__ABOUT THIS TASK__: From the records below, output exactly the lines starting at the line with "Städtereise nach Cagliari" and ending at the line with "תאונה אמבולנס טיפול", both of them included, but no pictures.

── THE INPUT

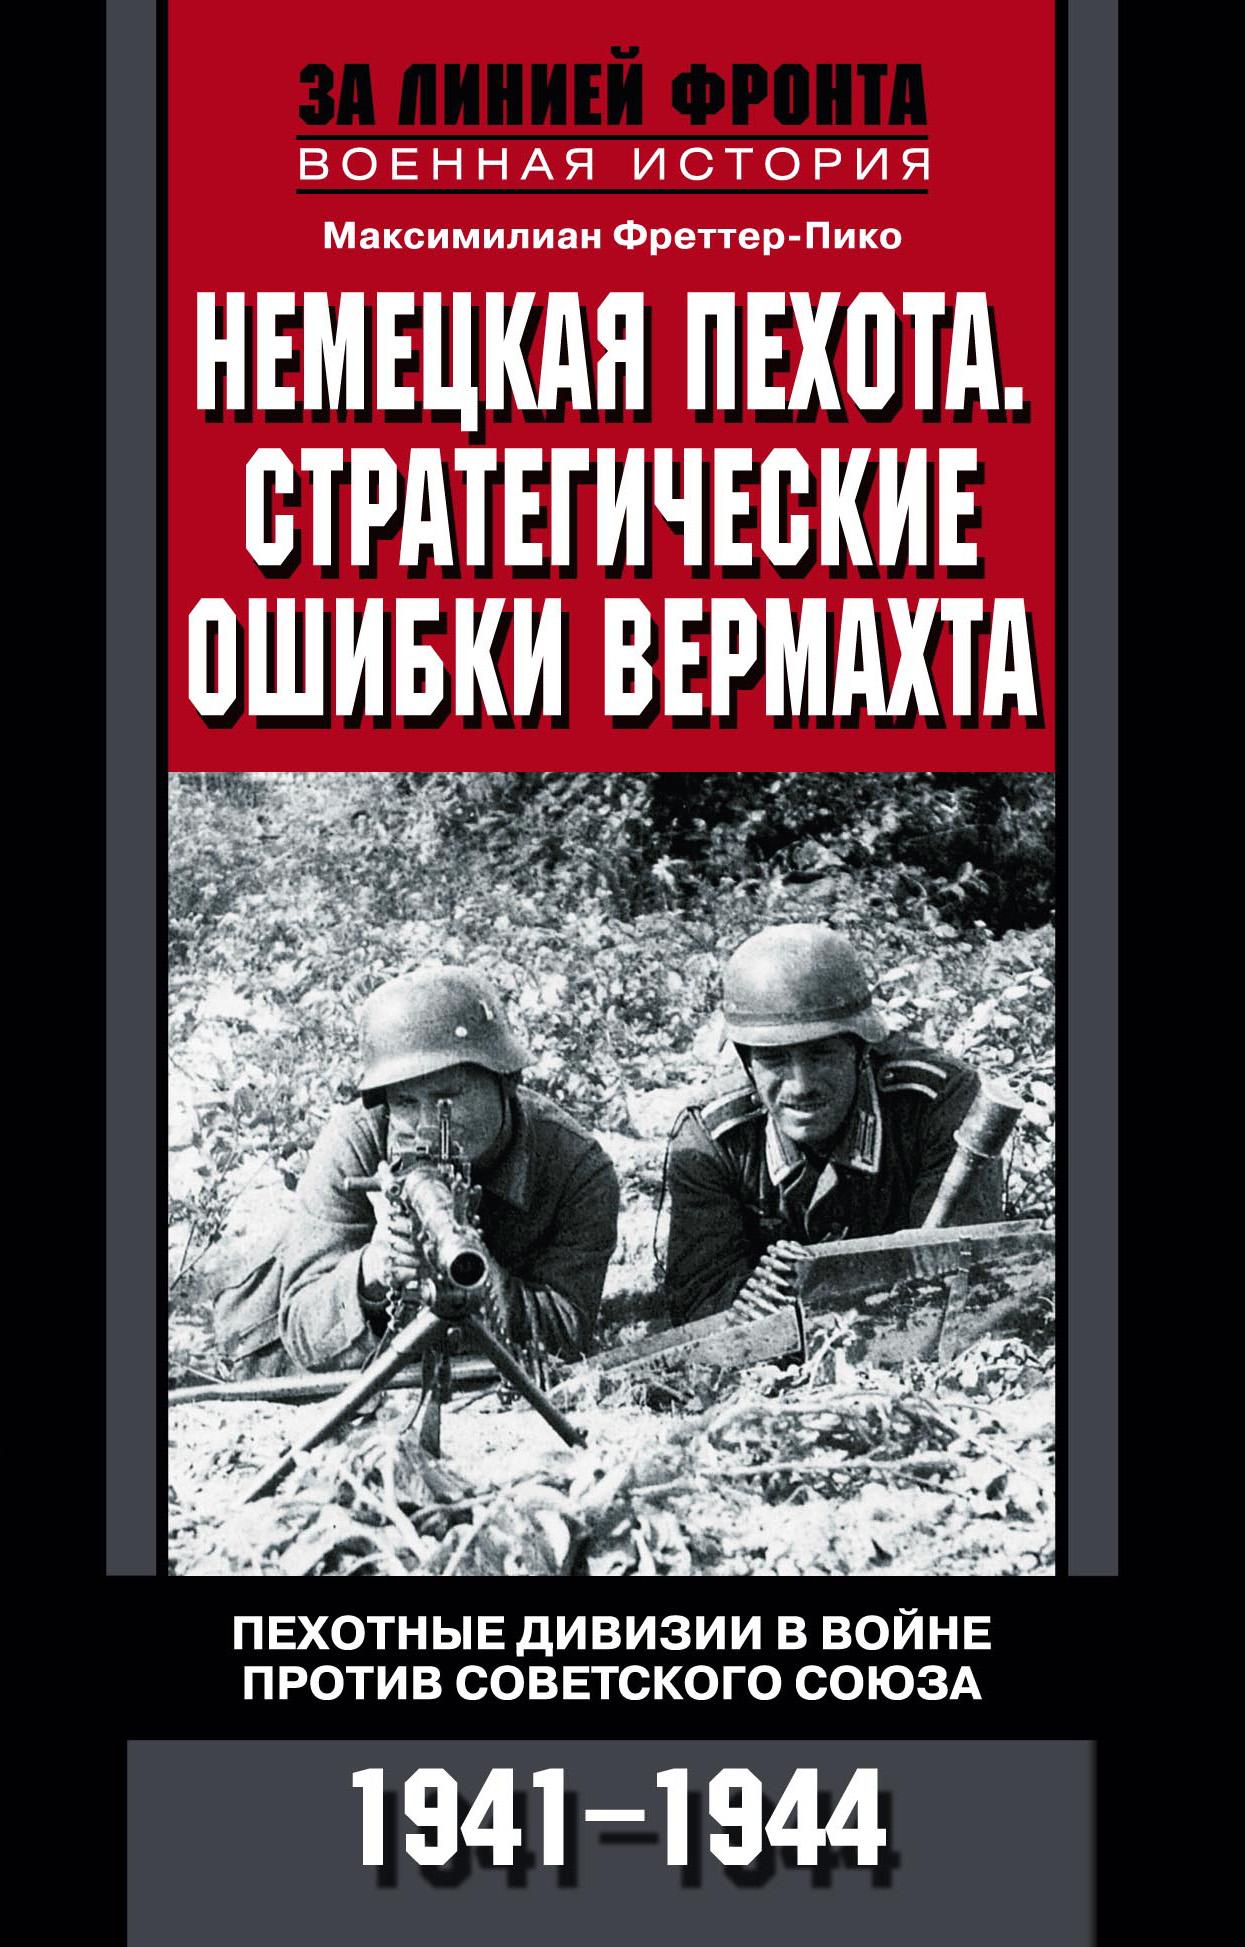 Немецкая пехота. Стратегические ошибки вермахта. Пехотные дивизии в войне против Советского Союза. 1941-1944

────
── THE INPUT

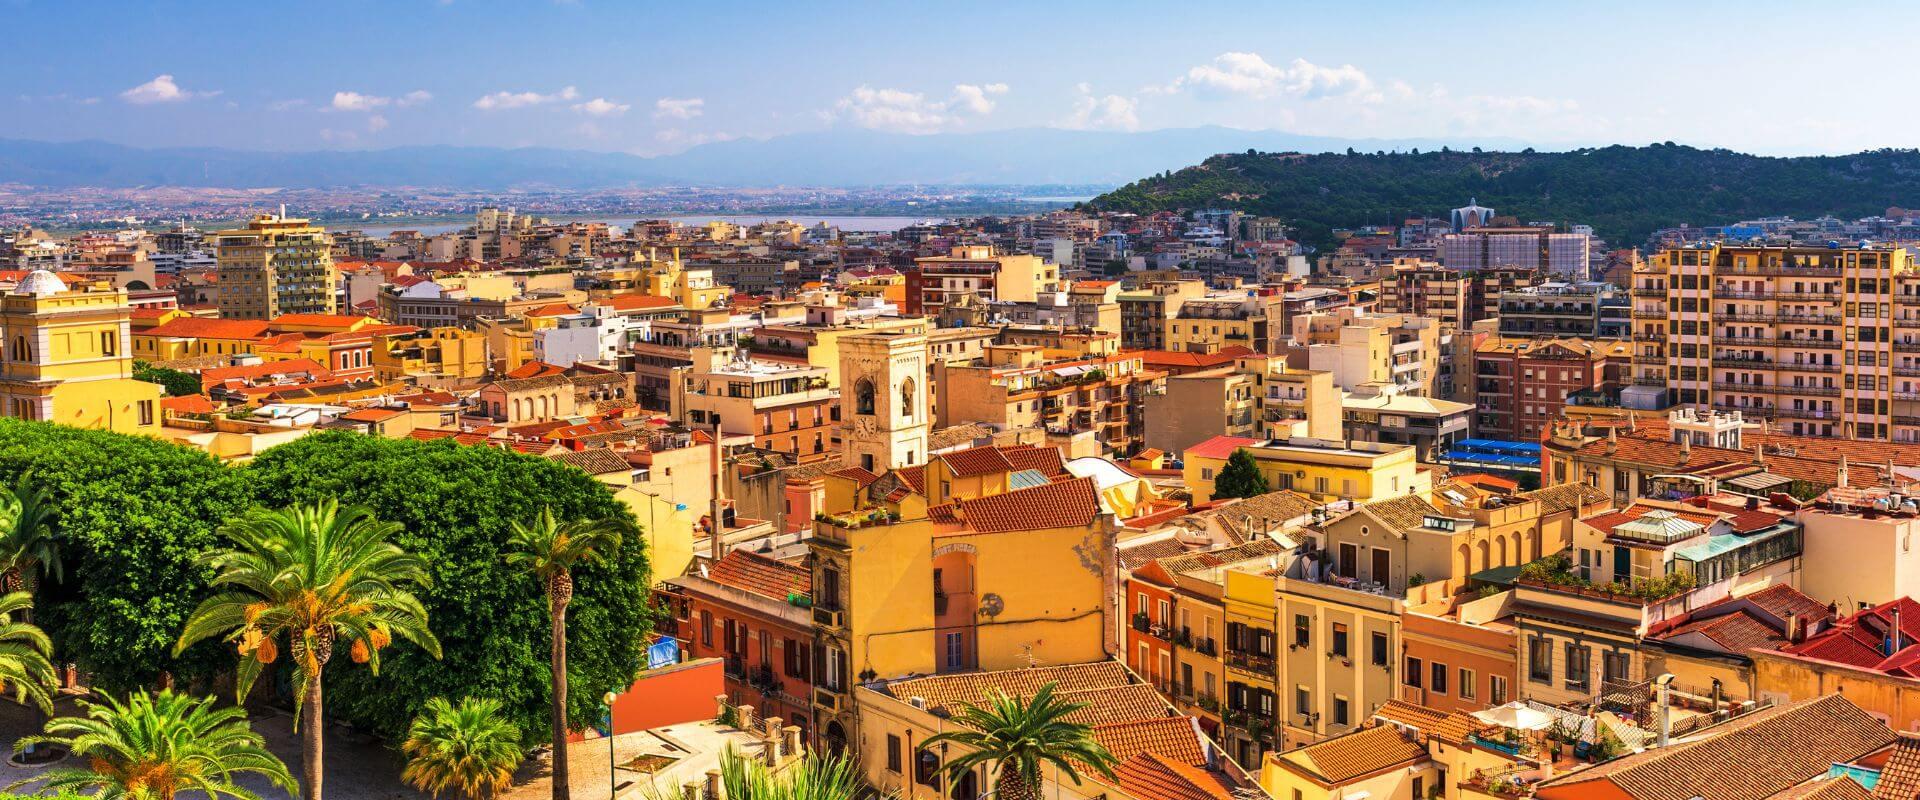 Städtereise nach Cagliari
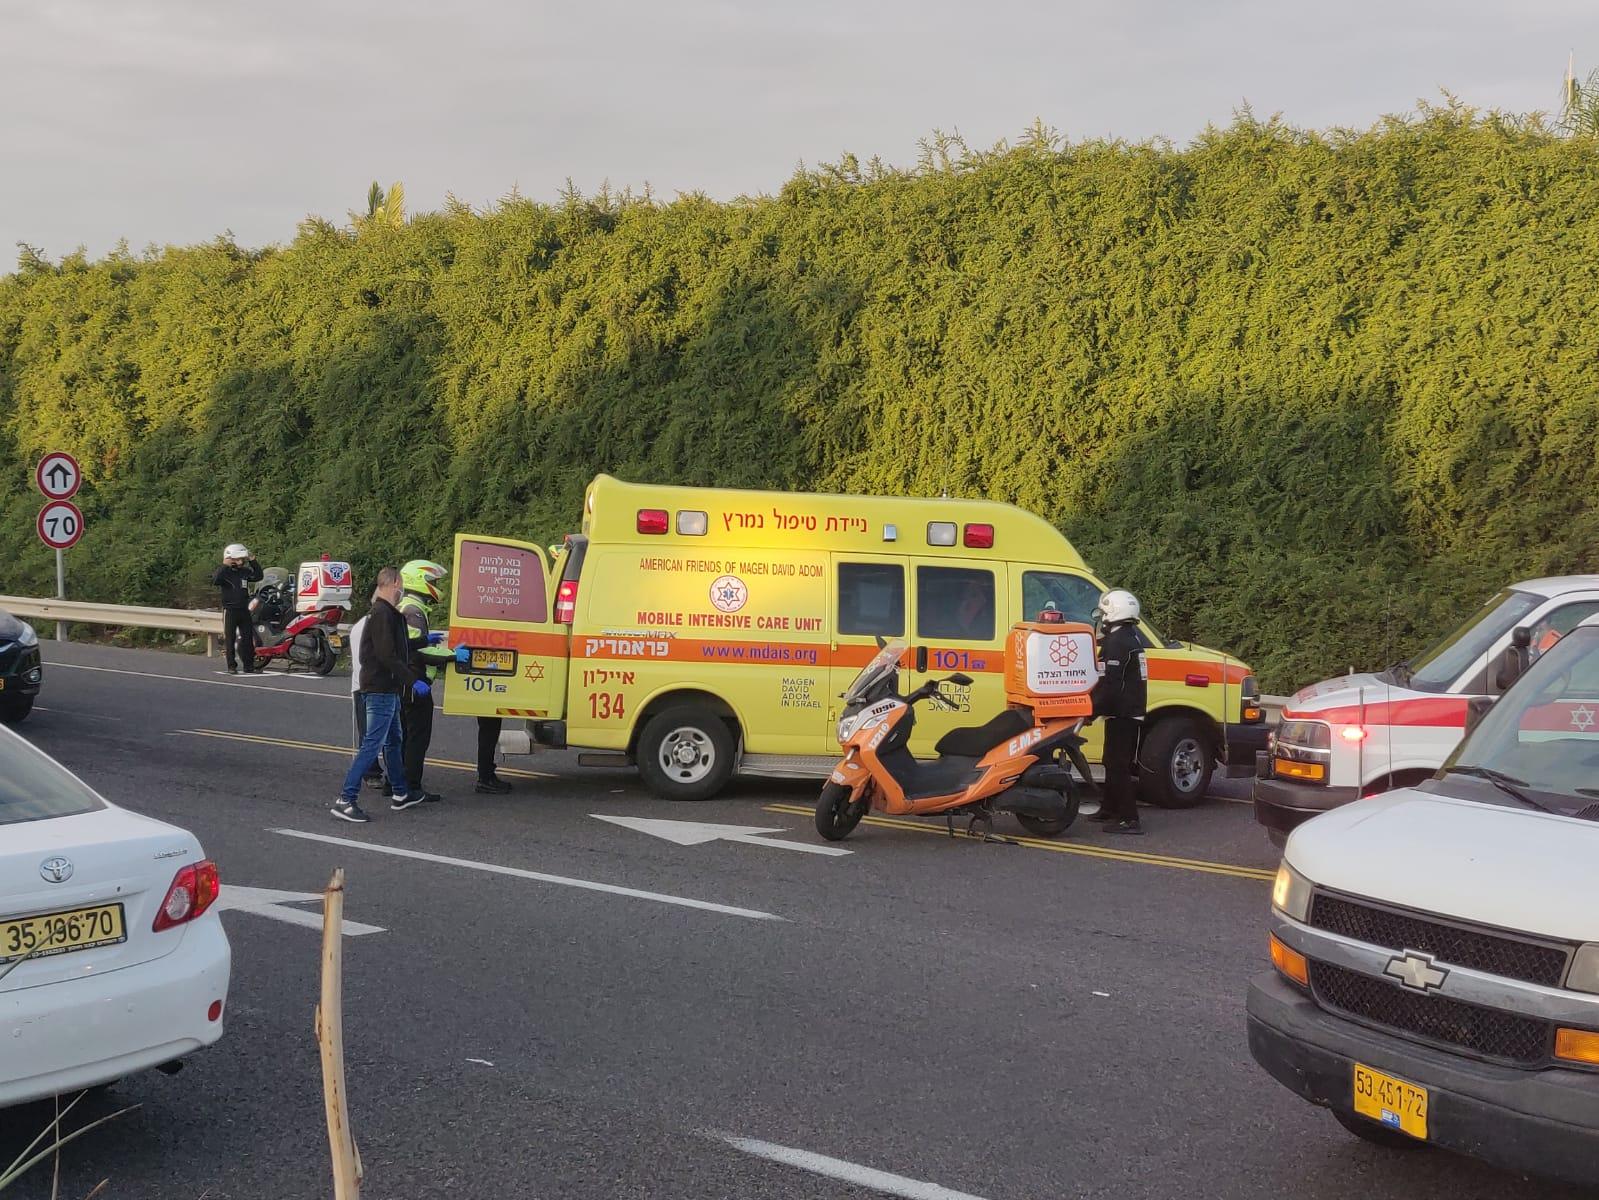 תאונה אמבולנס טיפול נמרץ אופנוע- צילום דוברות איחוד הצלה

────

__WRITTEN ANSWER__:
 Städtereise nach Cagliari
 תאונה אמבולנס טיפול נמרץ אופנוע- צילום דוברות איחוד הצלה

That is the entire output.